In Atencio’s idea artwork, the cat featured elongated, vampire-like fangs and a piercing purple eye. In a nod to Edgar Allan Poe’s story “The Black Cat,” it had only one eyeball, which sat in its socket with all of the subtlety of a fireplace alarm. Discarded finally — a raven basically fills an identical function — the cat at this time has been resurrected for the Mansion, most notably in a revised attic scene the place the kitty is noticed close to a mournful bride.
Xavier “X” Atencio retired from Disney in 1984 after four-plus a long time with the corporate. He drew his personal retirement announcement.
(Reprinted from “Xavier ‘X’ Atencio: The Legacy of An Artist, Imagineer, and Disney Legend” / Disney Enterprises Inc. / Disney Editions)
Co-author Bobbie Lucas, a relative of Atencio’s colloquially referred to by the household as his “grandchild-in-law,” was requested what ties all of Atencio’s work collectively.

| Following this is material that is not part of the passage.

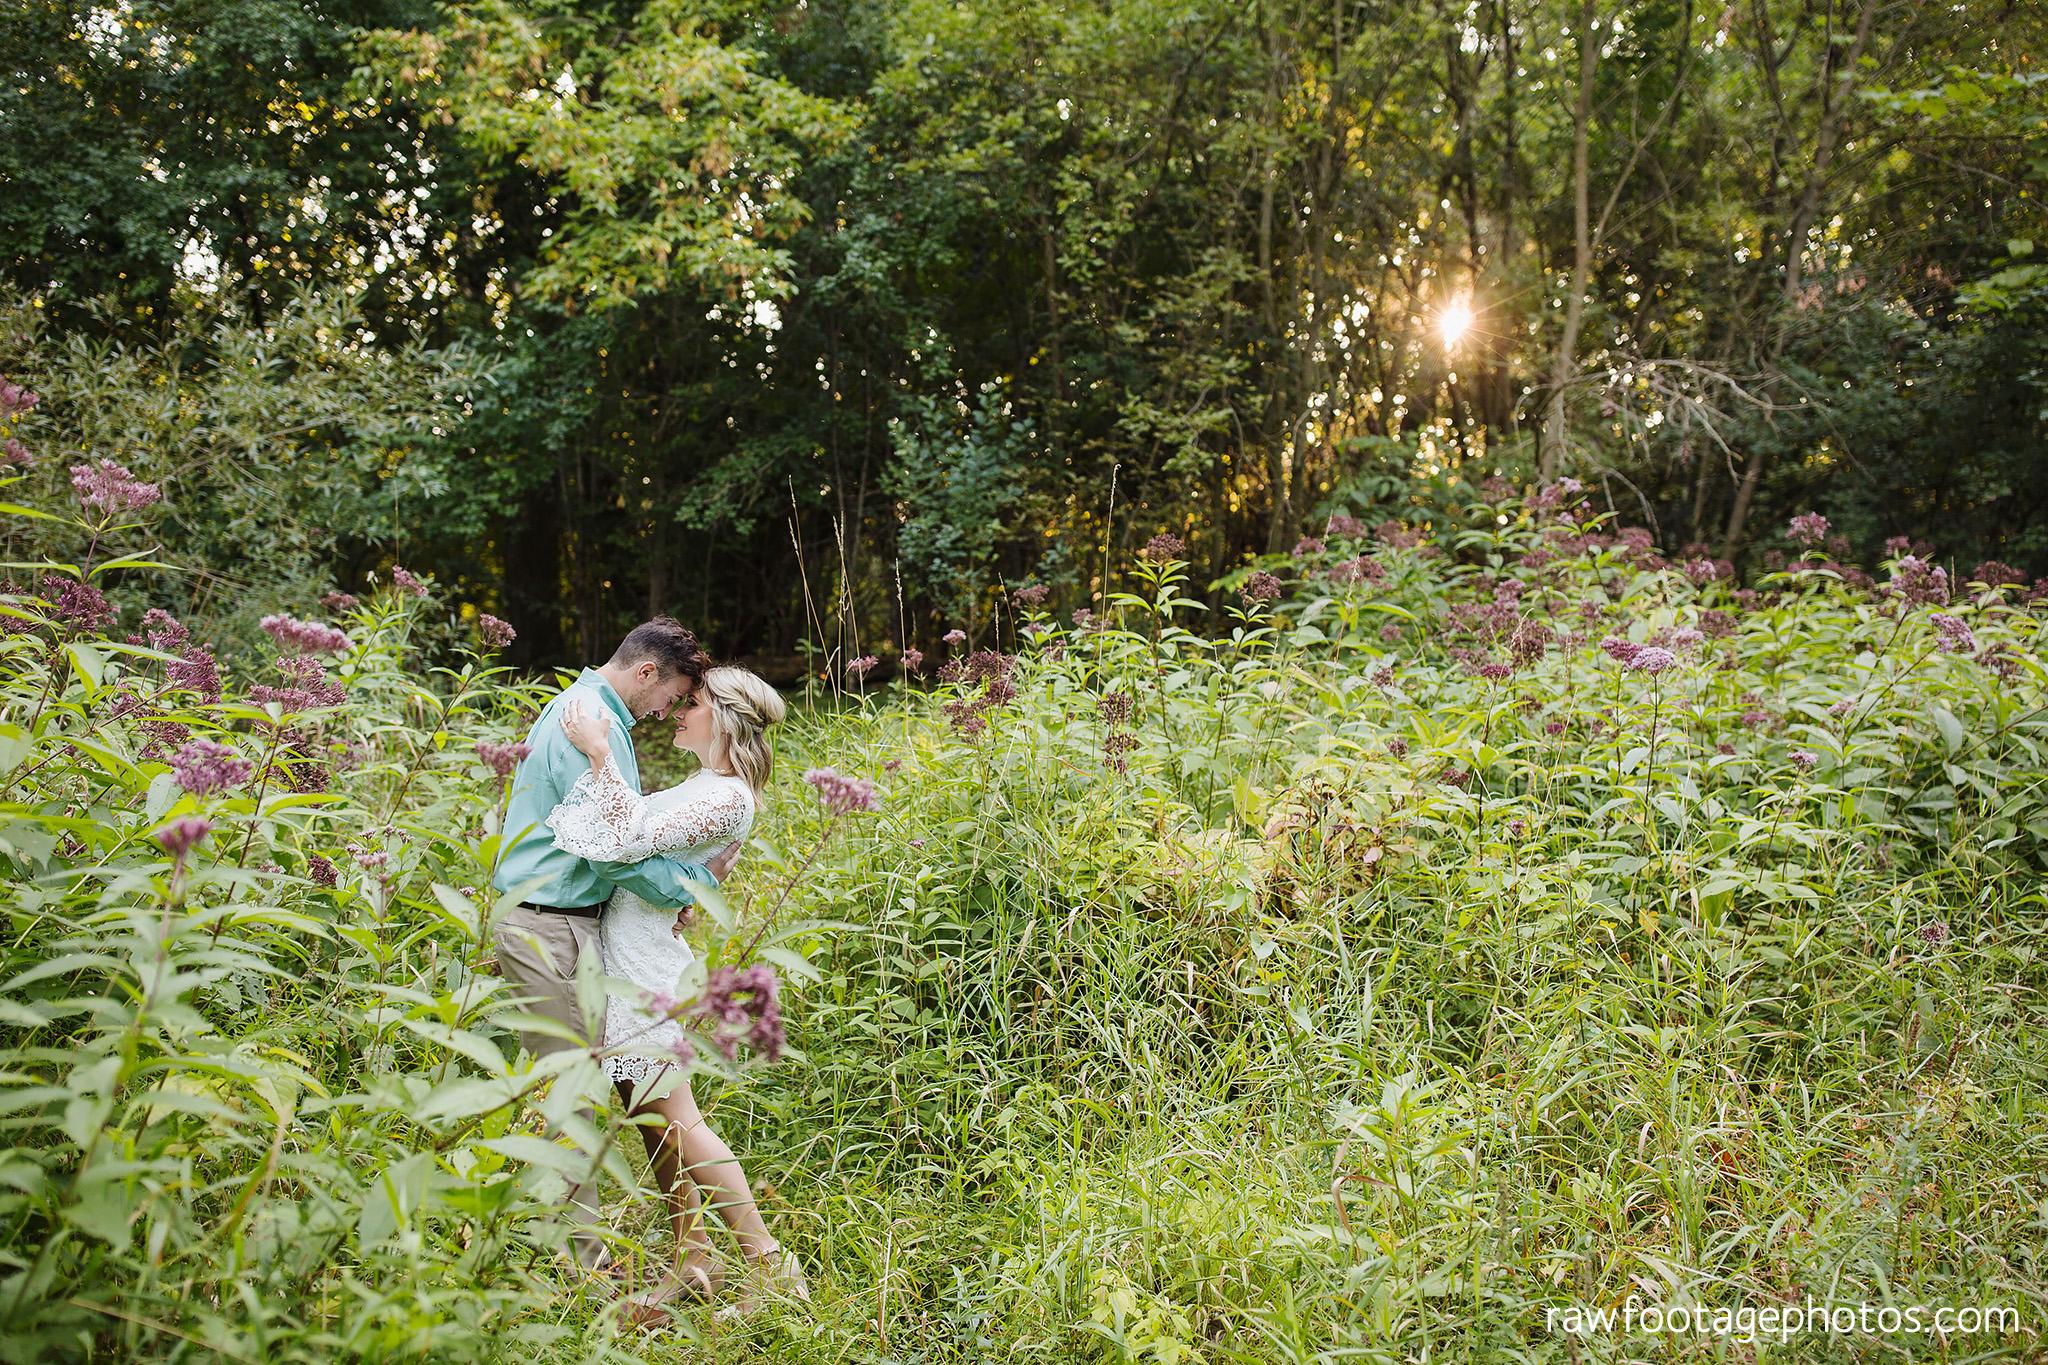 london_ontario_wedding_photographer-raw_footage_photography-engagement_session-uwo-campus-gibbons_park-woods026.jpg

“Irrespective of the completely different model or irrespective of the period, there’s such a way of life and humanity,” Lucas says. “There’s a way of play.”
Play is a becoming option to describe Atencio’s contributions to 2 of Disneyland’s most beloved sights, the place pirates and ghosts are captured at their most frivolous and jovial.
“I like that,” Lucas provides. “I like somebody who will put their coronary heart on their sleeve and present you that of their artwork.”